» **Source data**:
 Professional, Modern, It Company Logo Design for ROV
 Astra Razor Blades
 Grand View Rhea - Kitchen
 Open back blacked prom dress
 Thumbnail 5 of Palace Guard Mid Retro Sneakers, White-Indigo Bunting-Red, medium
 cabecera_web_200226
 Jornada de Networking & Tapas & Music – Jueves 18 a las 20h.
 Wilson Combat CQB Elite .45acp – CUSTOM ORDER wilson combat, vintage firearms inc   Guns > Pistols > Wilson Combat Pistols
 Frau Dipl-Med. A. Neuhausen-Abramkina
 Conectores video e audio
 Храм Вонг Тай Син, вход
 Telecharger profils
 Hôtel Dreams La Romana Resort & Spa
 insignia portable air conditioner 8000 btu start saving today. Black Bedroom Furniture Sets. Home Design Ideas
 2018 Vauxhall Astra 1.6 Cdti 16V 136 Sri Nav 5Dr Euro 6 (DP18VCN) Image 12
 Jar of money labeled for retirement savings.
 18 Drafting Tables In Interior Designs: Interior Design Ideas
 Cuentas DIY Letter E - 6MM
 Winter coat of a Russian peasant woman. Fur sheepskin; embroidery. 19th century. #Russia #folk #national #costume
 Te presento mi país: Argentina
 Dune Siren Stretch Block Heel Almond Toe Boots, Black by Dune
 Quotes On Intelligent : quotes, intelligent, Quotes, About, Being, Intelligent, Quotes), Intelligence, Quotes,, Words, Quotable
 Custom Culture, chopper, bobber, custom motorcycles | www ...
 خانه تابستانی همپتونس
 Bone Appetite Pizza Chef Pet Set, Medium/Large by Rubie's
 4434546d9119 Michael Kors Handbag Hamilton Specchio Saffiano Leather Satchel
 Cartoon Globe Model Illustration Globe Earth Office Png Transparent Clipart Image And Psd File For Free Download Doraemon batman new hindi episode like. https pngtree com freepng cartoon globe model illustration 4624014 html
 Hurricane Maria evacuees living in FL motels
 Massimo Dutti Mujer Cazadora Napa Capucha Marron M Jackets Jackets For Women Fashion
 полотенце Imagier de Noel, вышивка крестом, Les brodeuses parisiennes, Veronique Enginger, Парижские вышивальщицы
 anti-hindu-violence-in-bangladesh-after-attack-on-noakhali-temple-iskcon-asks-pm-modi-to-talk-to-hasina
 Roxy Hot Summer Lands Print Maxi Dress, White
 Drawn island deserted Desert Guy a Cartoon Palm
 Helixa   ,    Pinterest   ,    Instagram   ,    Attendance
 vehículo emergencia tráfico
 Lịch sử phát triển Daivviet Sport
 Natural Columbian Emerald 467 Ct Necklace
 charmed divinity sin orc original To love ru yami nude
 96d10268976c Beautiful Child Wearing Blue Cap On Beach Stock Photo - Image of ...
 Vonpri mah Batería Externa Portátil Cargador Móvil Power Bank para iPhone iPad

» **WORK TO BE COMPLETED**: Reproduce the entries exactly, but only from their first line to the line holding "Jornada de Networking", with that last line kept.

» **OUTPUT FOR THIS EXERCISE**:
 Professional, Modern, It Company Logo Design for ROV
 Astra Razor Blades
 Grand View Rhea - Kitchen
 Open back blacked prom dress
 Thumbnail 5 of Palace Guard Mid Retro Sneakers, White-Indigo Bunting-Red, medium
 cabecera_web_200226
 Jornada de Networking & Tapas & Music – Jueves 18 a las 20h.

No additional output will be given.